Campaign V - The Game of Divinity - 2016
31 Rules for Running a Campaign
1. The Cardinal Rule. It is your story. Not your player’s. The players are there to enjoy watching your masterpiece unfold. PC stands for Pawn Character, after all! Don’t worry, they will moan in orgiastic frenzy at the raw shiny awesomeness of your story.
2. The Golden Rule. You are God and your players are there solely for your pleasure. Never take advice from your players, shoot them down or otherwise stick something large and painful in their mouths such that they can no longer speak.
3. Where a gentle touch will do, a fist is even better. Never show, just tell. If your players disagree or try to deviate, rectal daiklave impalement will keep their attention.
4. Your DMPC is, of course, God Incarnate. However, it would never do to have his awesomeness go unobserved, so he must have pawns (see note on Pawn Characters above, they’re called that for a reason!) to watch you mastur-I mean play.
5. Your players are here to accomodate you, not the other way around. Their players may have certain ‘personalities’ picked out that make them not respect your DMPC. This is wrong. They must love you and worship even the feces that you deposit, for it is perfect.
6. Insult your players at every opportunity, but by no means should you even remotely hold yourself to the standard you set for them. Kidnapping a half dozen people from a crowded bar is plenty ‘subtle’ for you. If one of them carries too big a weapon, that is not subtle.
7. YOU ARE THE DUNGEON MASTER! YOU HAVE NO FLAWS! Anyone claiming otherwise is simply being an asshole for not recognizing your perfection.
8. Right and Wrong are what make you, the Dungeon Master, feel good. Not your players. Any thoughts of honor or morality by your players are simplistic false belief systems.
9. Thinking on the fly, alternate plans, and looking at things from the Player’s perspective are signs of lesser dungeon masters. Avoid these dark paths.
10. Abuse semantics! If your players harp on you because you called them stupid, they are clearly wrong! For you called them lackwits, which has an entirely different meaning.
11. Players of boorish, abusive, idiotic characters with few grasps of sense or sapience are your best. Keep them, lose the smart ones. The latter may try to upstage your Glory.
12. Canon information is to be discarded at a whim. A council that oversees the well-being of a city would never possibly be interested in its destruction, for example.
13. Explain your brashness away with old age, and hide under the mantle of incomprehensibility. Obviously, there are many things in the worlds that cannot be understood, and you are one of them.
14. Some of your players might make the mistake of calling your DMPC a god. Quickly disabuse them of this notion. Your DMPC is above that.
15. Members of the opposite (or otherwise desired) gender are sex toys for your enjoyment, whether they want to be or not.
16. Vagueness is your friend. Never be specific. It lets you suitably maneuver your already perfect story to higher states of perfection.

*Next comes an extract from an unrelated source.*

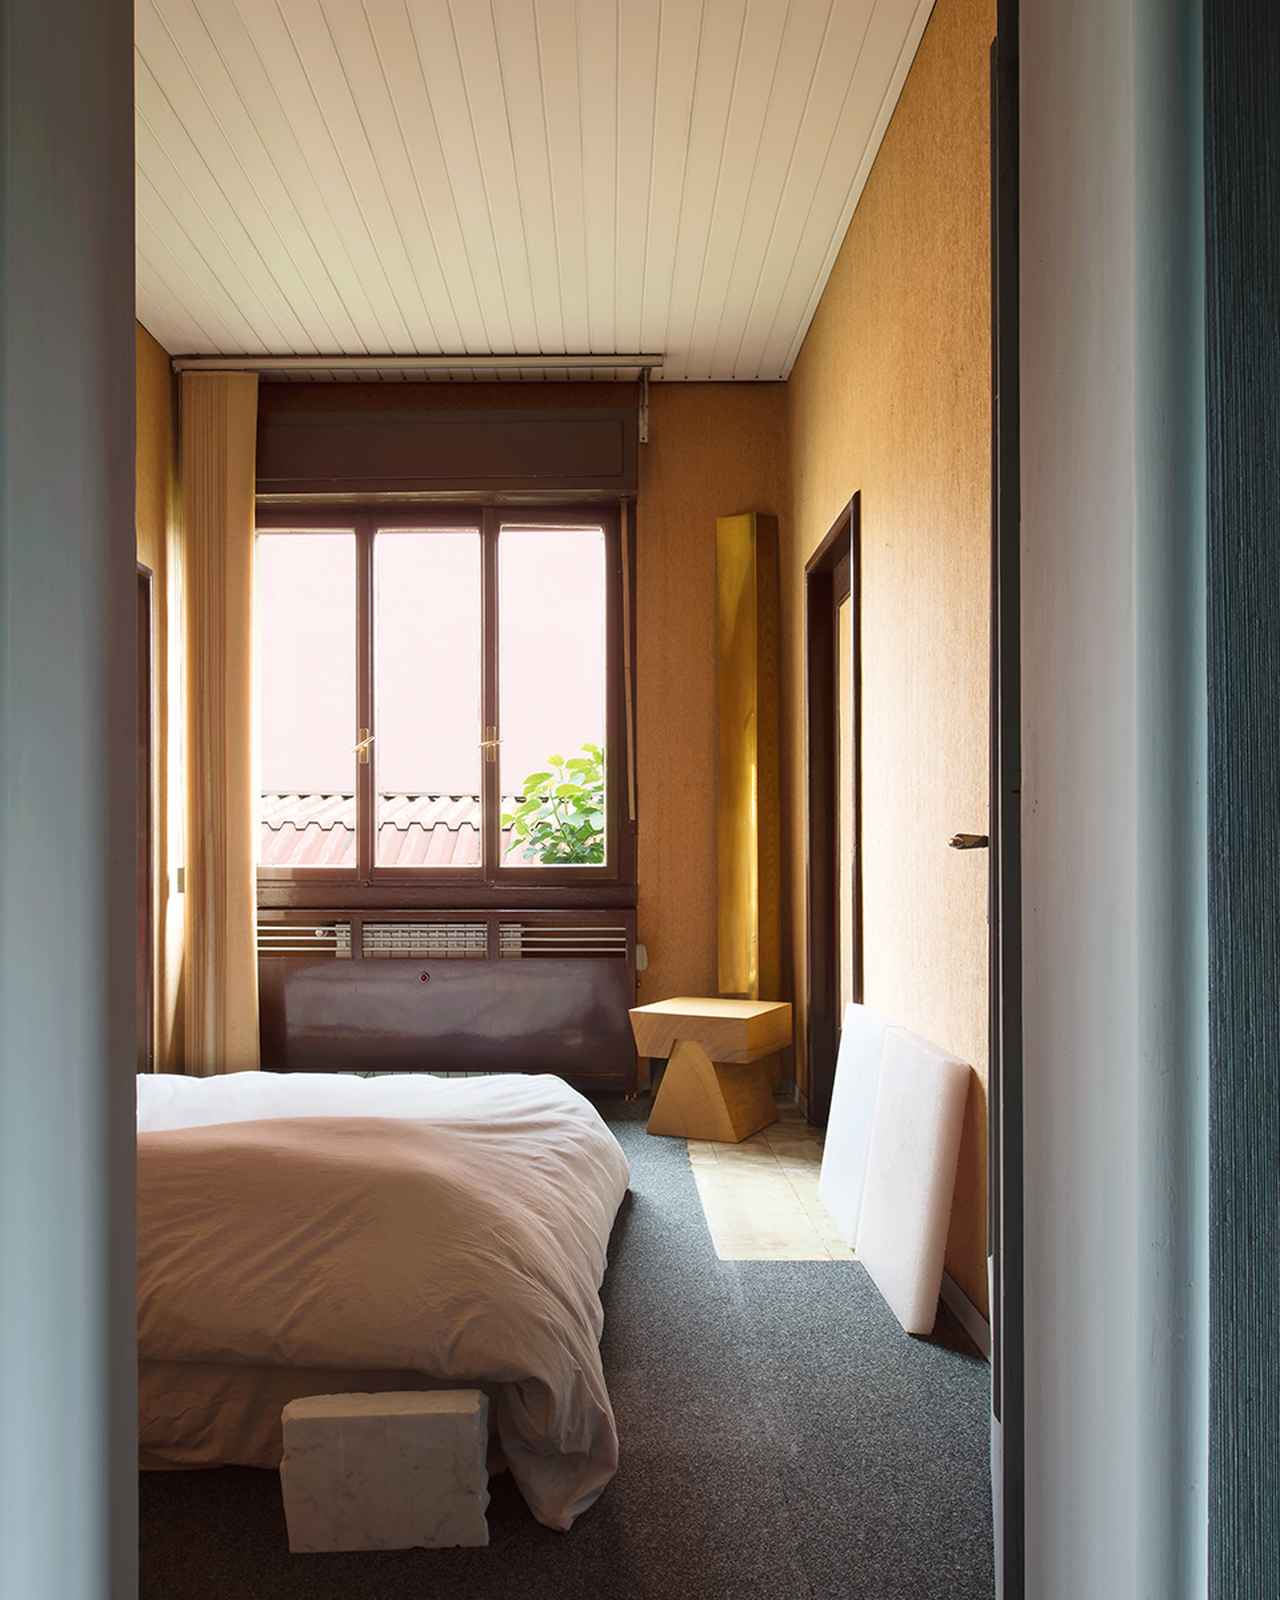 Images : 6番目の画像 - 「建築家トニョンが試みる 実験的な住まいのかたち」のアルバム - T JAPAN:The New York Times Style Magazine 公式サイト
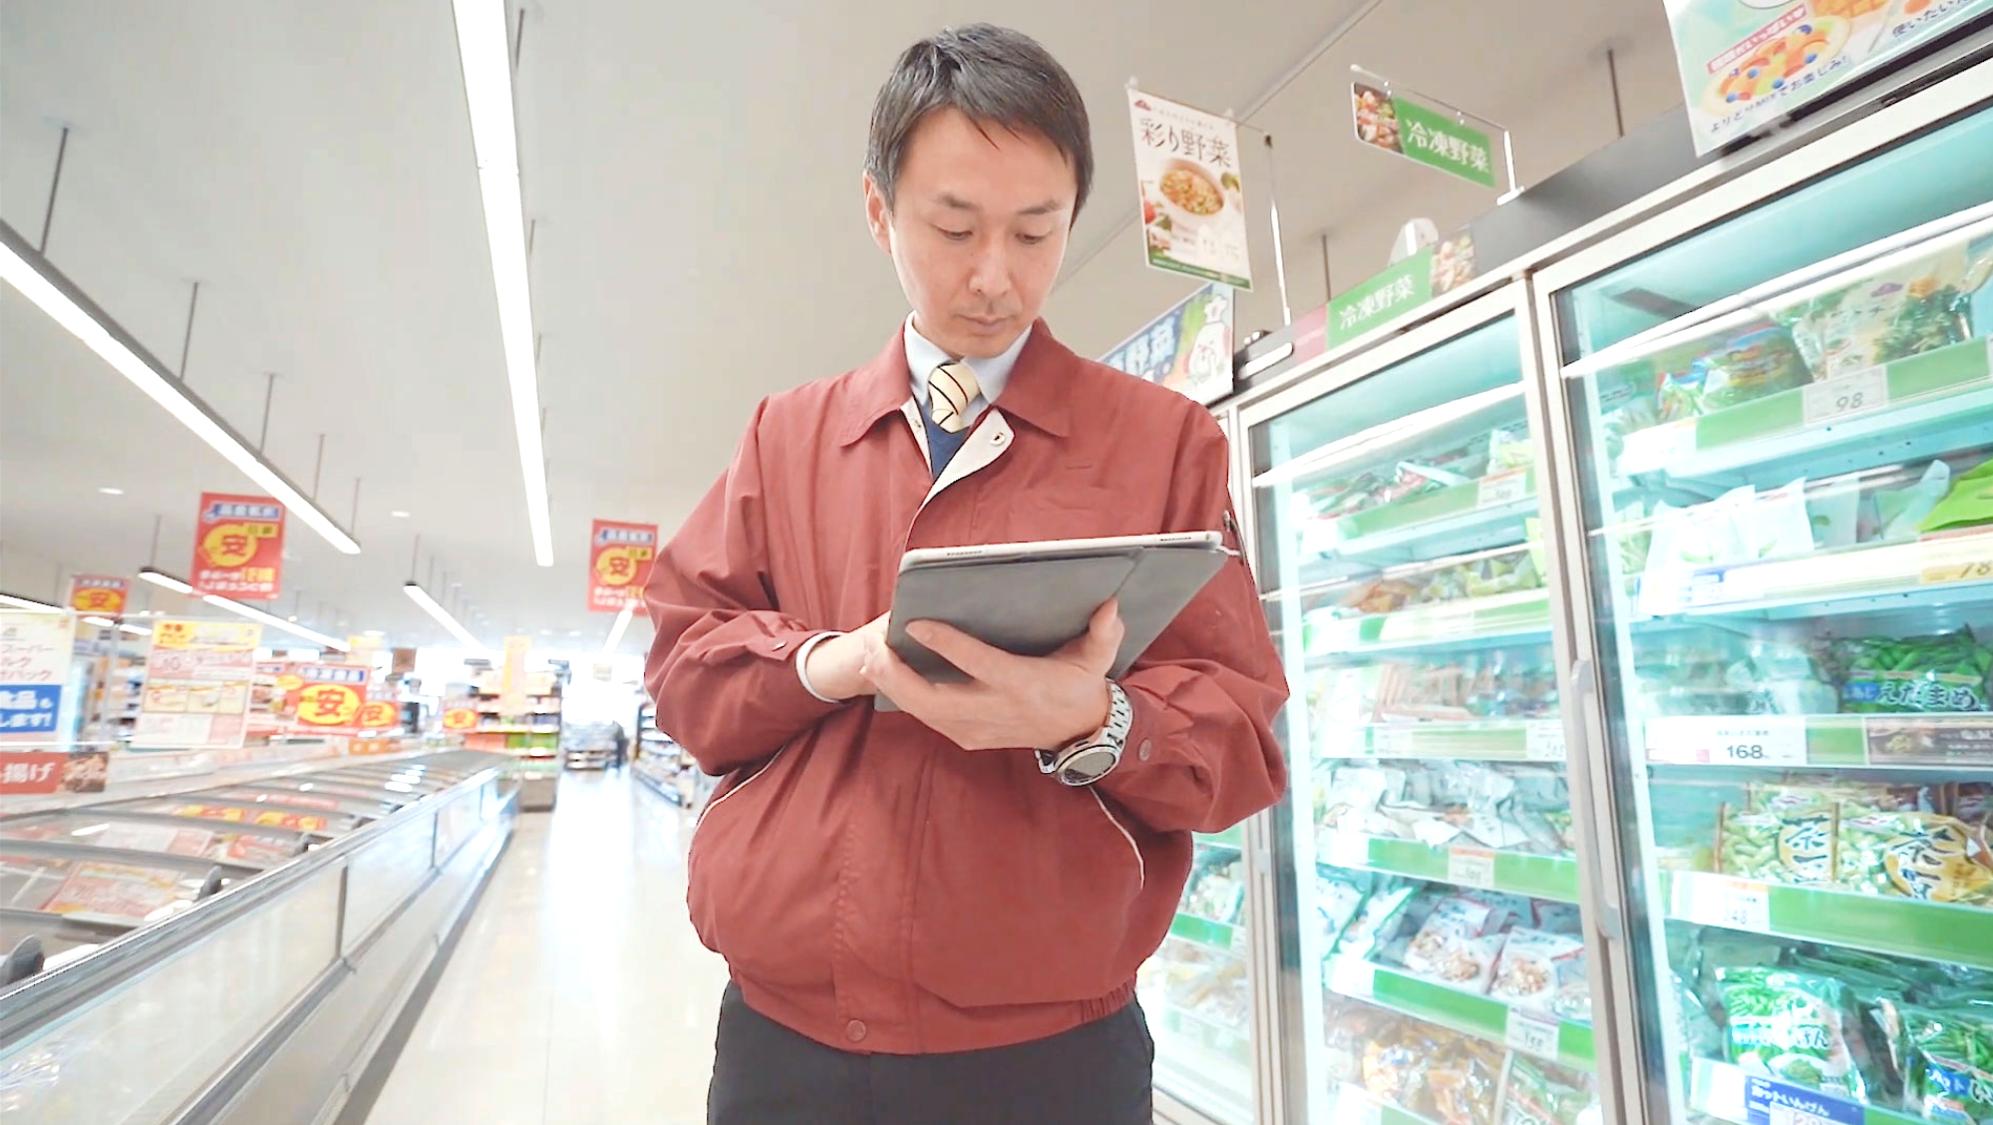 iPadを使って店舗からチャットボットを利用する荒井氏

17. Don’t bother paying attention to character backgrounds. Just check the length to make sure they’ve wasted an appropriate amount of time on the task.
18. Always start all of your characters in the same tavern, or, if you wanna be fancy, a brothel. Even if they come from all corners of the world/Universe/whatever.
19. Never use ‘we’, ‘us’, ‘our’, ‘ours’ or similarly inclusive words. Always ‘I’, ‘me’, ‘mine’, etc. “My campaign”, “my story”, “what I needed”. Keeps you in the proper mindset.
20. If players start chafing under your just and perfect rule, and start sticking up for eachother, it is a sure sign of mutiny. Crush them.
21. Gripping scenes are for losers, and unnecessary to express the true awesomeness of your Perfect Story. Just pack your players in. The ones you wanna keep will love it!
22. Always, always ALWAYS HOLD GRUDGES!
23. Exchanging instant messengers, phone numbers, or other means of instantly contacting your players is for pussies and therefor beneath you.
24. Always be vague about how your campaign will go and begin. That way, your players will make up wildly different ideas which will not mesh with your goals at all.
25. Do not make sure your replacement players for those you have preciously rectally impaled are ready to go before the game begins!
26. Don’t bother keeping your players busy. Give them an hour or so of twiddle time after you make them show up.
27. Add subtle reminders that your ‘game’ is a play, and you are its sole author.
28. Be sure to render useless any allies your players actually spent points on. The only NPCs of any import are your own!
29. Never start your players off ahead. Instead, insult them for being inexperienced, and offer ‘training’.
30. Always blame your players!
31. A good Dungeon Master for Exalted does not care for stunts, and should never reward them.